Monday, November 23, 2009

Friends and Family at Poplar Grove

Hello readers,

You may have noticed the absence of a blog entry last Friday. This was due to the significant amount of work that Nathan and I were doing in preparation for the digitization of the Poplar Grove materials. The good news is that this made many new images available to share with you on the blog. The bad news is that this work has carried over into the new week, and I still have little time to provide one entry before we leave for the Thanksgiving holiday. In the interest of the gathering of families and friends over the coming week, I have decided to provide you with several photographs of people coming together in the past.

We have, first, several photos from a curiosity found in Series 18 of Poplar Grove. This is a photo album depicting friends of E. B. Emory from Virginia. The date is especially interesting, as the album seems to have been compiled in 1866. With the Civil War having concluded in the recent past, friendship was needed to begin healing a wounded nation. As with so many of these items, we don't yet have a strong sense of context in which to place this album, but I hope you will enjoy it simply for the photos from a semi-distant past in which friends, as today, kept in touch over significant distances. The images to the left and right are one such example, as a person who seems to have been a friend from University of Virginia wrote E. B. Emory some kind words about friendship. Regular readers will be reminded of the warm friendship between Emory and Mary Holladay, discussed in an earlier post.

I also have some other images, these of family life in the early twentieth century. Above, one finds a young couple in front of a house, and below is an elderly man watching over a young boy in a yard. These images of family life in America remain timeless, except perhaps for the old man's hat, which certainly speaks of an earlier era.Unfortunately, we cannot yet identify the people in these photographs. Even so, they stand out as distinct reminders of the real emotions and relationships enjoyed by those in the past. These photos provide a visual insight into some of the figures, admittedly unknown, that passed through the lives of those living at Poplar Grove. I hope you have enjoyed this brief entry, and I look forward to giving you many more posts after I return from the Thanksgiving holiday.


Friday, November 13, 2009

Around the World in Six Photographs

Good afternoon,

Friday has come around again, and that means I have some new images for you. I'll leave this post somewhat slim on description, and focus on the images. The last two posts have been fairly heavy on information, so I will allow these photos some breathing room, providing only what limited context I have available.
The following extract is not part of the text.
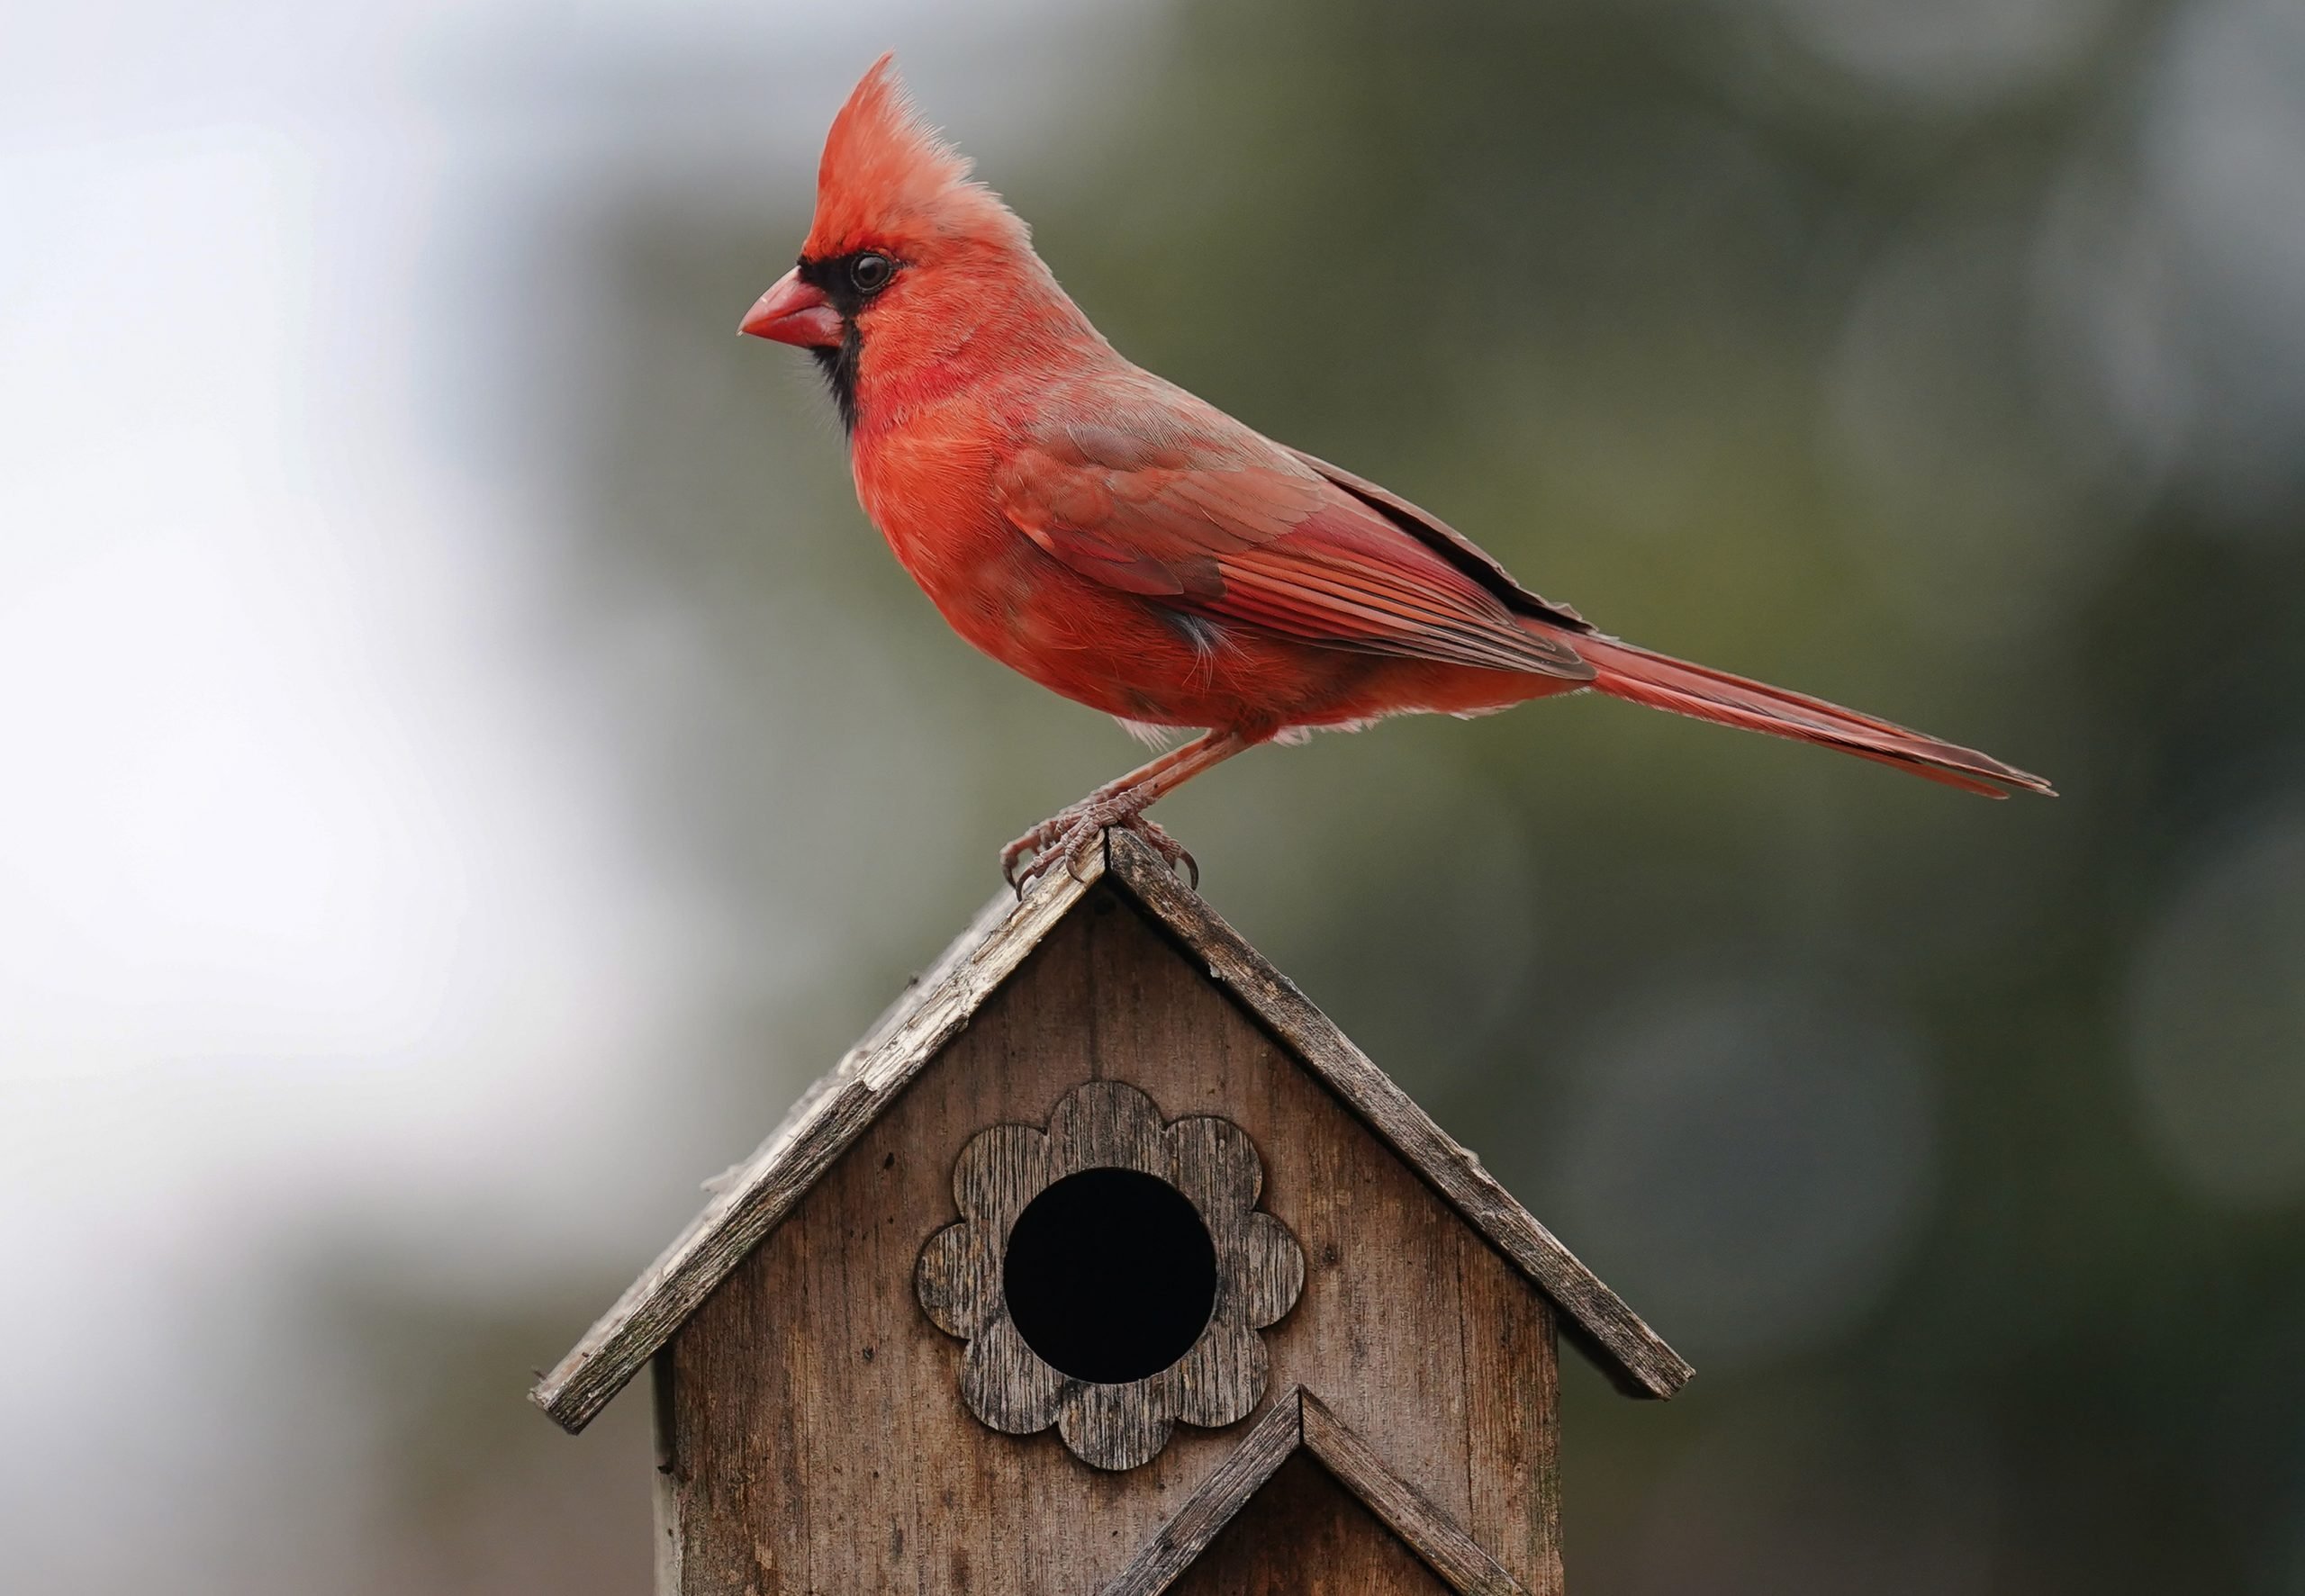 Respuestas a sus preguntas sobre la Casa del Pájaro Cardenal

As a bit of context before presenting the images, these items were found in a series of Poplar Grove concerning the early twentieth century. They are primarily photos and postcards from the wanderings of one or another member of the family. In the case of postcards from Europe, it is not immediately clear who the buyer or intended recipient was, as they do not have any information written on them. They are fascinating, however, in their documentation of a place now foreign to us.

This is a picture, as indicated by an inscription, of Jacob Martenis and his wife "around 1900," in Wilmington, Delaware. Their facial expressions are somewhat mysterious. The woman in the photograph wore an amused visage, while her husband looked down, expressionless.

To the right is a photograph from Barcelona in 1929. It depicts a street scene in a bustling metropolis. Barcelona, in 1929, was hosting the International Exposition, and populated streets like this would be unsurprising. What is somewhat chilling about the pleasant quality of this image, however, is the looming shadow of the Spanish Civil War, which would erupt in the following decade. On a more amusing note, click on the image to the lower-left to find a building being constructed. This church, the Sagrada Familia, was begun in 1882 and remains unfinished. It actually looks quite similar today, since much of this work was destroyed in the Spanish Civil War, and has proceeded under several different architects since then. Feel free to type the name into google and find more recent photos in which the surrounding area has changed but the facade has remained very similar.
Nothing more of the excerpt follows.